Authentication Authority
True to the name "AuthentX," all XTec products are designed to support strong authentication. After all, security, mutual authentication, and the unchallenged ability to rapidly process cryptographic authentication are what set XTec apart.
The Authentication Authority, a GSA FIPS 201 approved product, is central to the AuthentX end-to-end infrastructure because it enables it to validate authenticated transactions. As such, the Authentication Authority has built-in capabilities to act as an Online Certificate Status Protocol responder. But it is not just a standard OCSP; it is capable of all major protocols.
Enterprise Solution
Moreover, the Authentication Authority is an integral piece of an enterprise infrastructure, equipped with physical and logical provisioning, monitoring, alerts for suspicious activity, and instant, real-time status reporting for native credentials. The Authentication Authority is a bridge between your existing internal infrastructure and even external components, the Authentication Authority streamlines credential usage by leveraging your current investments and applying strong authentication and validation to your organization in its entirety.
4-in-1 Functionality
The Authentication Authority can be configured to perform validation duties in the three major protocols: CRL, LDAP, and OCSP. The Authentication Authority is RFC2560 compliant and capable of SCVP. It can serve as a temporary cache for visiting credentials while offering real-time status results for native credentials stored in the AuthentX IDMS/CMS. This capability enables instant revocation for both physical and logical transactions.

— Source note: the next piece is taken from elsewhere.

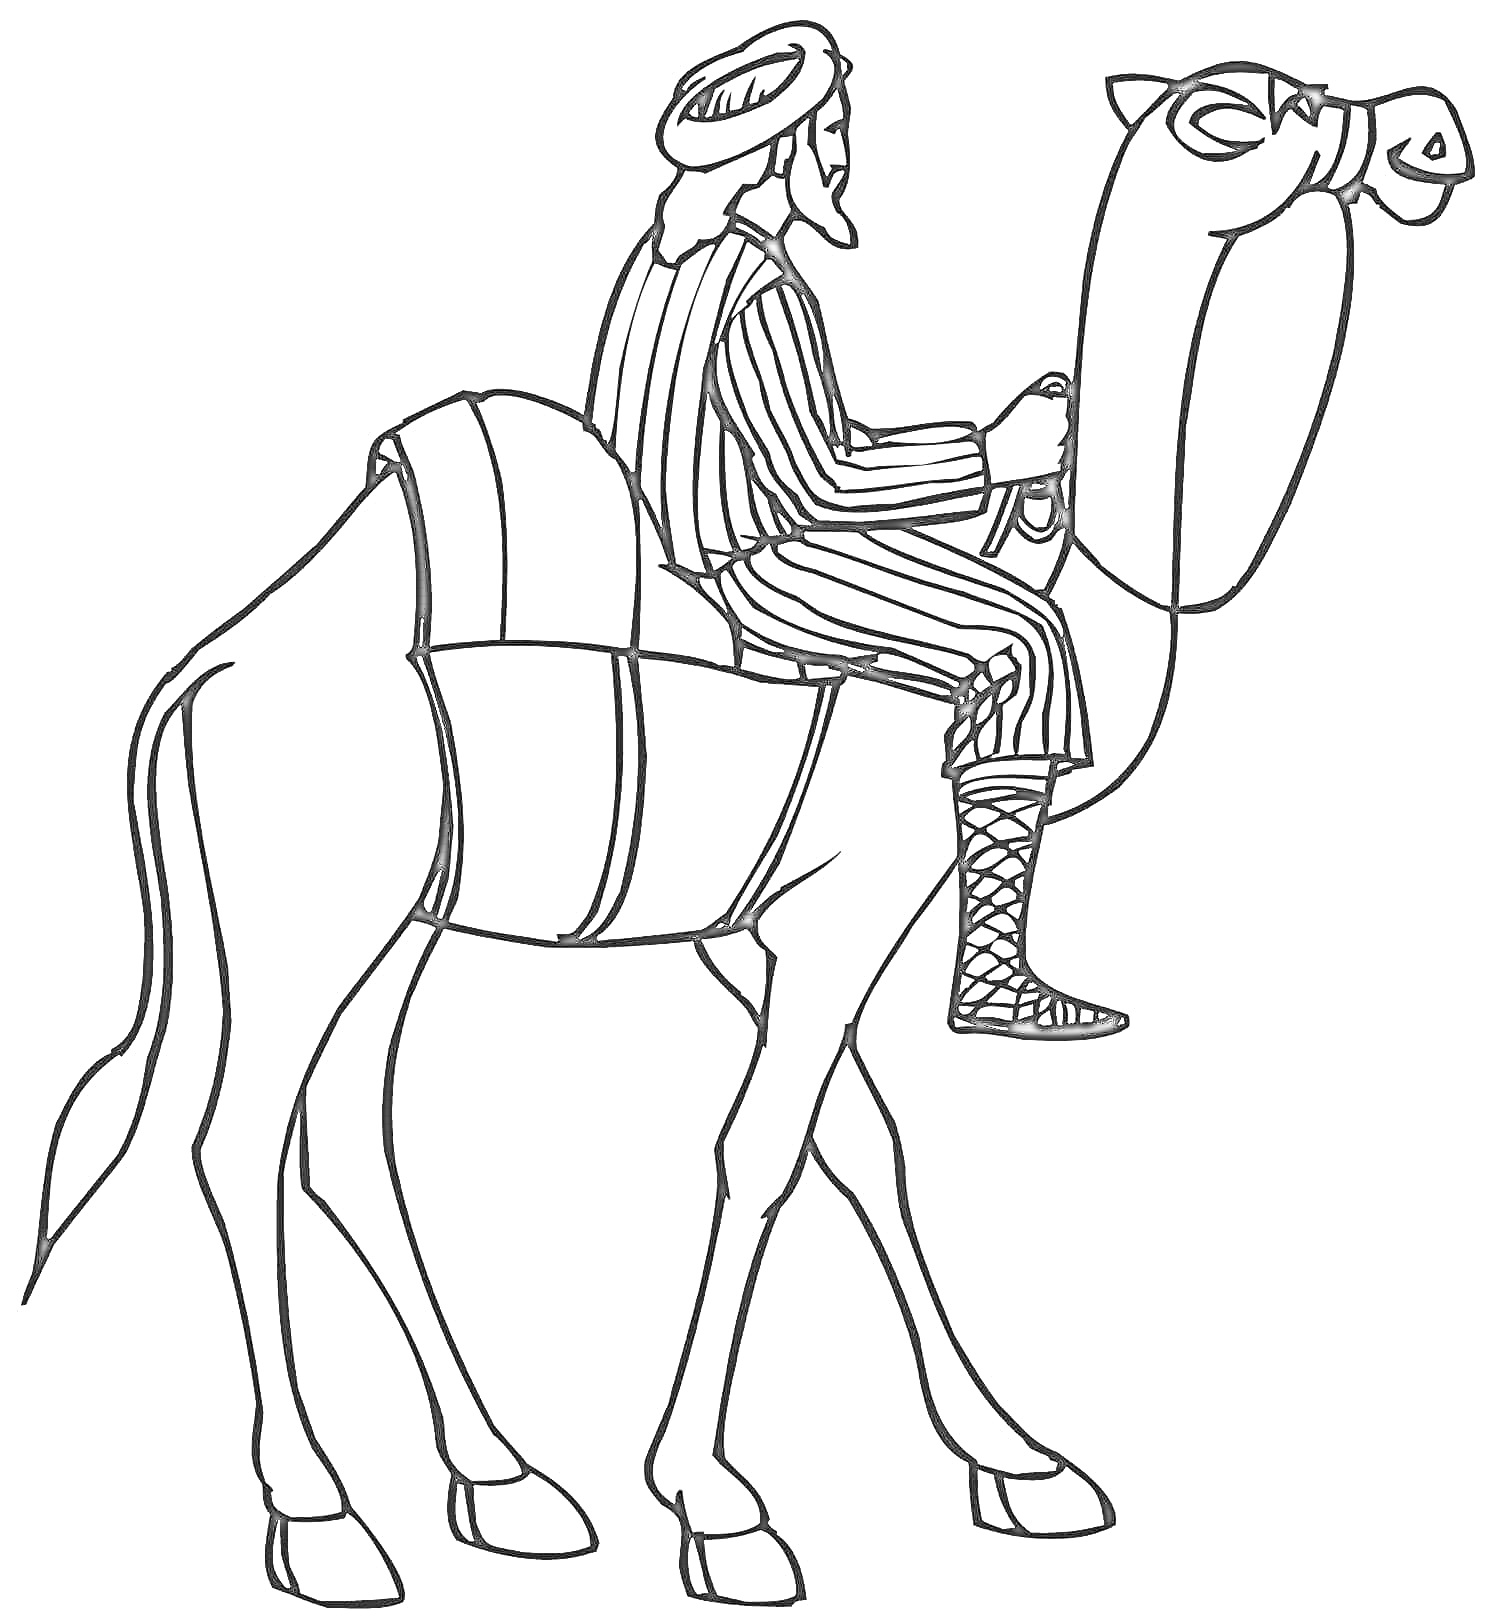 Человек верхом на верблюде в восточной одежде, с уздечкой и седлом

With other vendors, this functionality alone would require multiple products. But XTec’s Authentication Authority offers this and much more.
Monitoring
The Authentication Authority comes equipped with a web-based, live dashboard depicting your infrastructure’s transactions – both physical and logical. This feature, unparalleled by other vendors, offers C-Level executives easy access to usage data.
More importantly, the dashboard is valuable for monitoring the status of the responder as well as raising concerns when suspicious activity occurs. For example, if concurrent attempts at access are unsuccessful or if a single credential or digital identity attempts to access various applications from different locations, the dashboard can alert administrators.